Enriqueta Antolín. Por J.M. Lostau
Las primeras novelas de Enriqueta Antolín (Palencia, 1941), desde La gata con alas (1992) hasta Mujer de aire (1997) descubrieron a una autora capacitada para plasmar la nostalgia de una infancia y una adolescencia enturbiadas por la implacable erosión del tiempo. Sustancialmente, ese motivo central no ha cambiado en las obras posteriores, aunque la escritura de la autora, que ha ido espaciándose con los años, haya madurado hacia formas narrativas menos convencionales.Qué escribes, Pamela es una excelente ocasión para calibrar los cambios experimentados por esta escritora, que no ha perdido, sin embargo, algunas de sus virtudes más relevantes, como la finura en el diseño psicológico de los personajes femeninos y el juego de alusiones que le permiten suplir el relato continuo por la yuxtaposición de fragmentos de la historia y los cambios de perspectiva que la enriquecen. Porque, en efecto, lo que la Pamela adulta escribe en su cuaderno son recuerdos sueltos, sensaciones aisladas, escenas que a veces parecen desgajadas del conjunto, hasta el punto de que podrían suprimirse sin daño alguno -como los capítulos titulados "Zaida" (escrito con magistral gracejo) o "Museo"-, y que, sin embargo, van componiendo un mosaico -incompleto, falto de teselas- que permite reconstruir una historia familiar de encuentros y desencuentros, de amores mortecinos y rutinarios, de infidelidades y decepciones.
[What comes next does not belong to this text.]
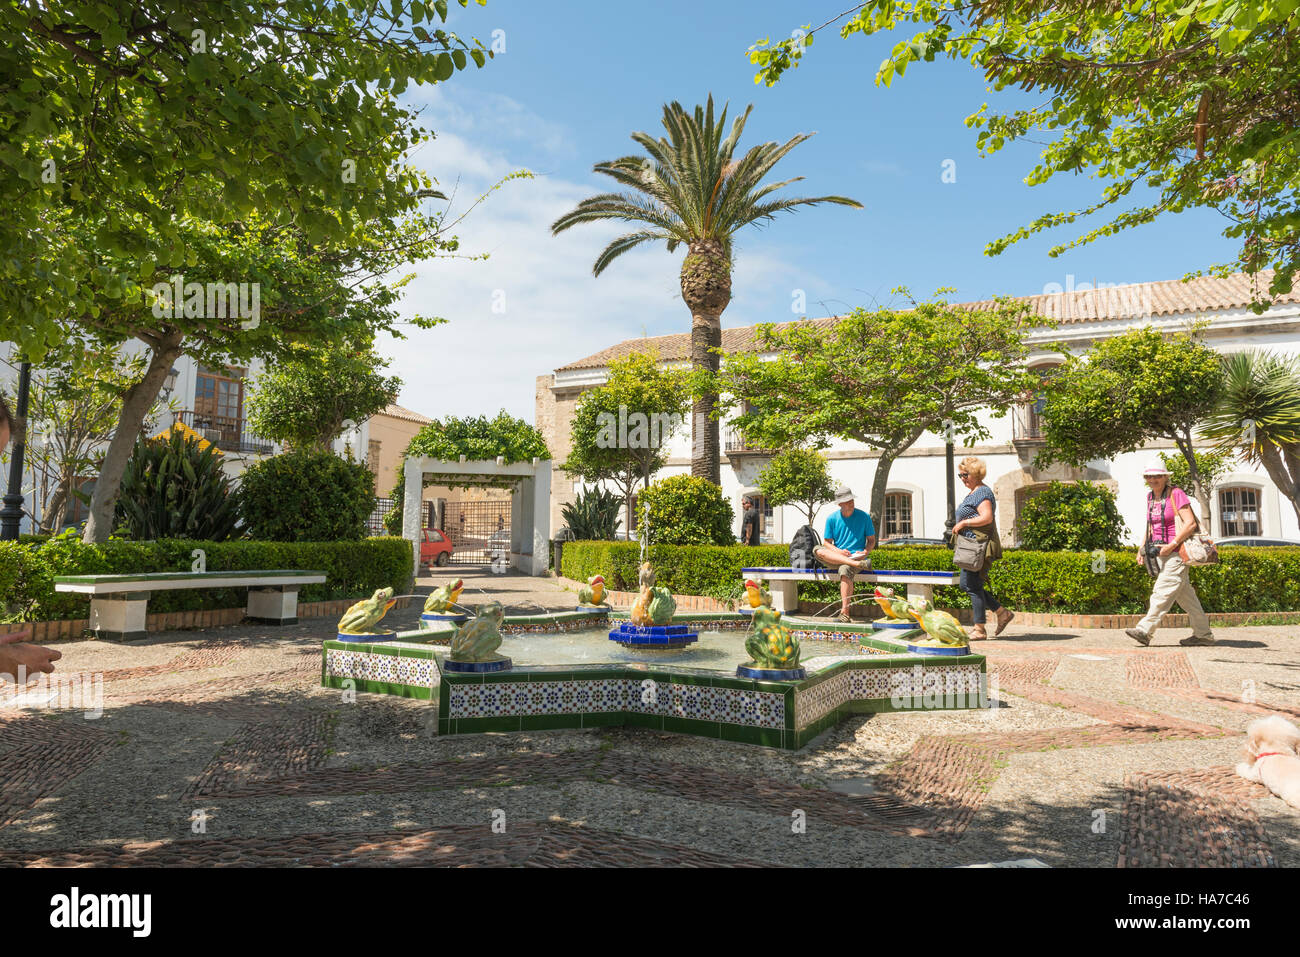 Plaza de la Ranita, Tarifa, Cadiz, Costa de la Luz, Andalusia, Southern Spain. Stock Photo

Todo gira en torno a muy pocos personajes -la madre, el padre, la vecina, el profesor boliviano, algún personaje infantil hundido en la memoria-, aunque se tiene la impresión de que son más por el continuo cambio de enfoques: capítulos narrados en tercera persona, e incluso en segunda, junto a otros relatados desde la perspectiva de los diversos personajes y diversos saltos temporales que rompen la sucesión cronológica producen la impresión de apuntes no ordenados, de fragmentos de un borrador inacabado, y fuerzan la colaboración del lector, empeñado también él en la aventura de atisbar las interioridades de una familia cuyas particularidades tendrían que explicar la complejidad psicológica y anímica de Pamela, al fin y al cabo sujeto de la historia e incluso destinatario de la misma, porque la reconstrucción parece más bien orientada a esclarecer los pasajes oscuros de la memoria del personaje que a pergeñar una crónica dirigida a lectores ajenos.
De ahí que en las últimas líneas de la novela, cuando el padre pregunta "¿Qué escribes, Pamela?", leamos: "Mi hija me dio la espalda y se dirigió solemne hacia su cuarto. ‘Estoy escribiendo nuestra historia', respondió sin volver la cabeza. ‘Pero tú no la vas a leer'" (p. 168).
Enriqueta Antolín ha reducido el relato a los datos esenciales, con descripciones escuetas de lugares y personas, recalcando en alguna ocasión la irrelevancia y la artificiosidad de estos detalles cuando lo que importa es el meollo de acciones y sentimientos: "Vean una escena de absoluta armonía familiar. Un salón comedor como tantos, pero sin porcelanas de Lladró. Un grabado abstracto firmado y numerado y una estantería con libros leídos hablan a favor de los dueños del piso, un hombre y una mujer casi jóvenes, un chiquillo de guardería y una adolescente con una máquina de fotos digital recién estrenada: yo" (p, 27). La desnudez de la narración es una de las mayores virtudes de esta novela, por otra parte, como es habitual en la autora, pulcramente escrita, a pesar del error en la utilización de "escaparates lujuriosos" (p. 53) donde acaso se quiso escribir "lujuriantes".